=== ASSIGNED TASK ===
Both the line below containing "Studio BBPR for Olivetti, 'Spazio'" and the line containing "The 'Spazio' series was", along with every line between them, should be repeated exactly; no other line belongs in the answer.

=== GIVEN DATA ===
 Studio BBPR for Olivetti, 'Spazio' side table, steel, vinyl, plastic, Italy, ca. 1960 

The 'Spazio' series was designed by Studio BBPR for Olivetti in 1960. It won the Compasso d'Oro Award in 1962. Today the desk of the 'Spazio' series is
* * *
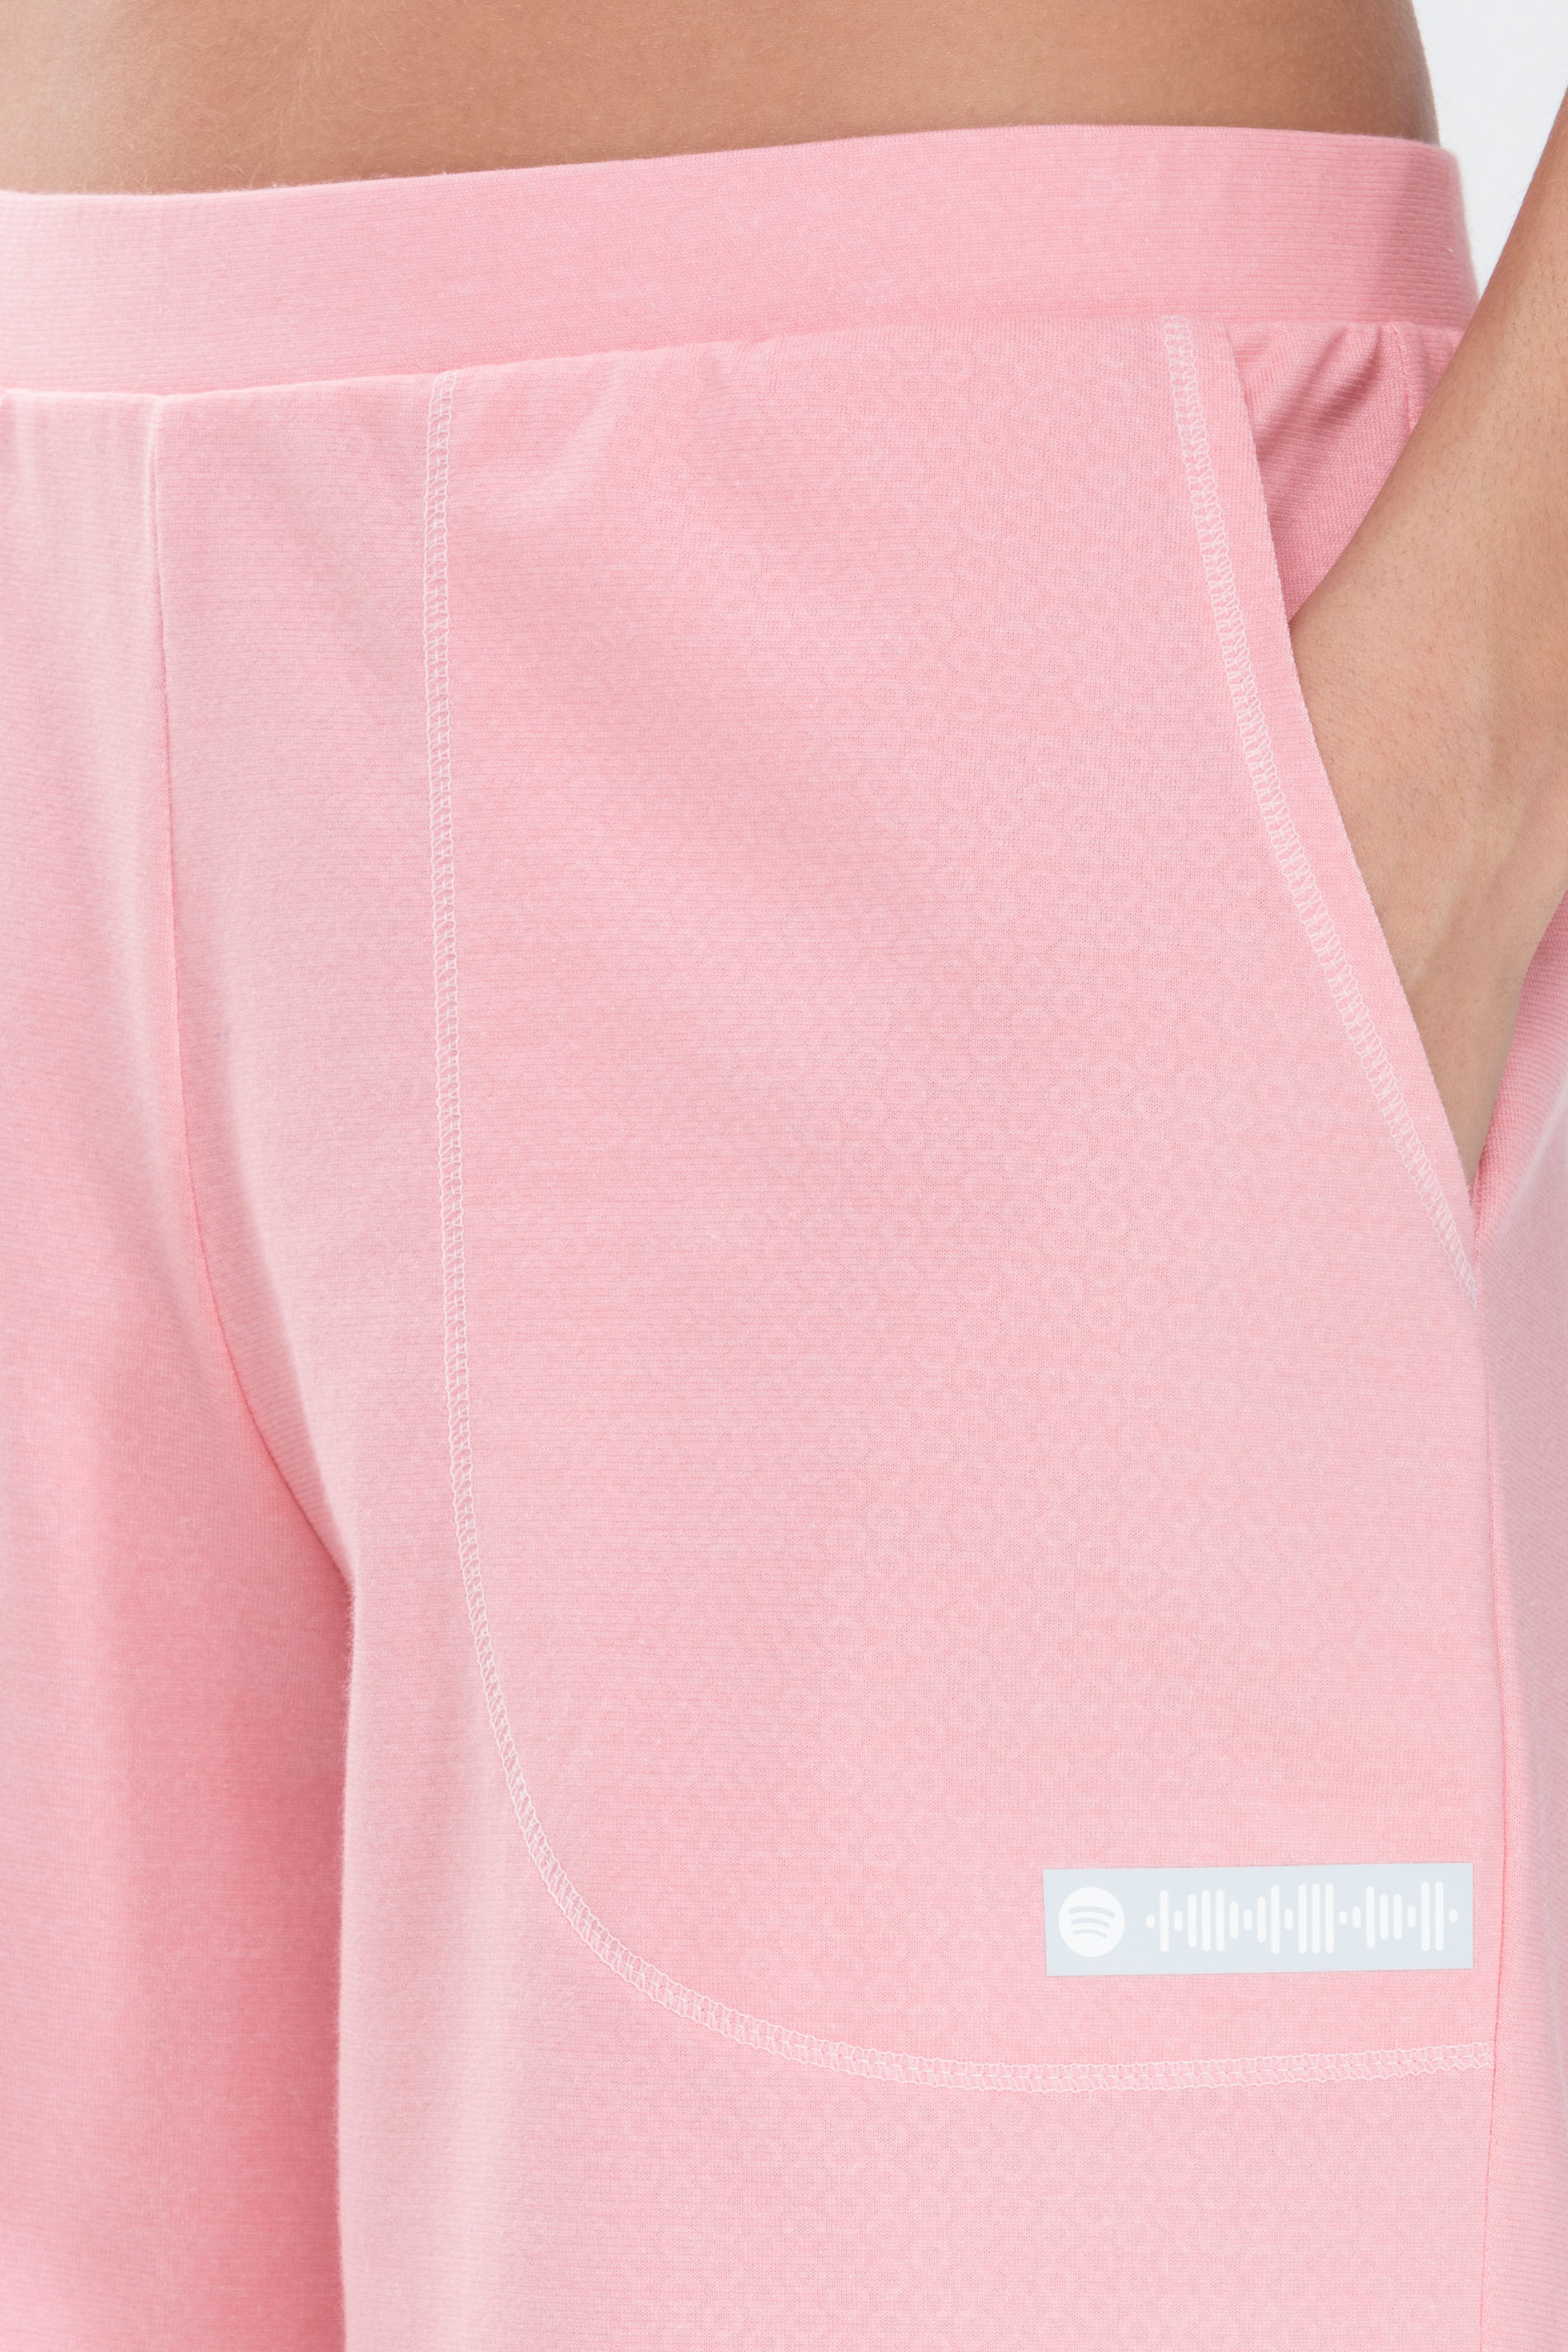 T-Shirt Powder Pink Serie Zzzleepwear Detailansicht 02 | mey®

=== WORKED SOLUTION ===
 Studio BBPR for Olivetti, 'Spazio' side table, steel, vinyl, plastic, Italy, ca. 1960 

The 'Spazio' series was designed by Studio BBPR for Olivetti in 1960. It won the Compasso d'Oro Award in 1962. Today the desk of the 'Spazio' series is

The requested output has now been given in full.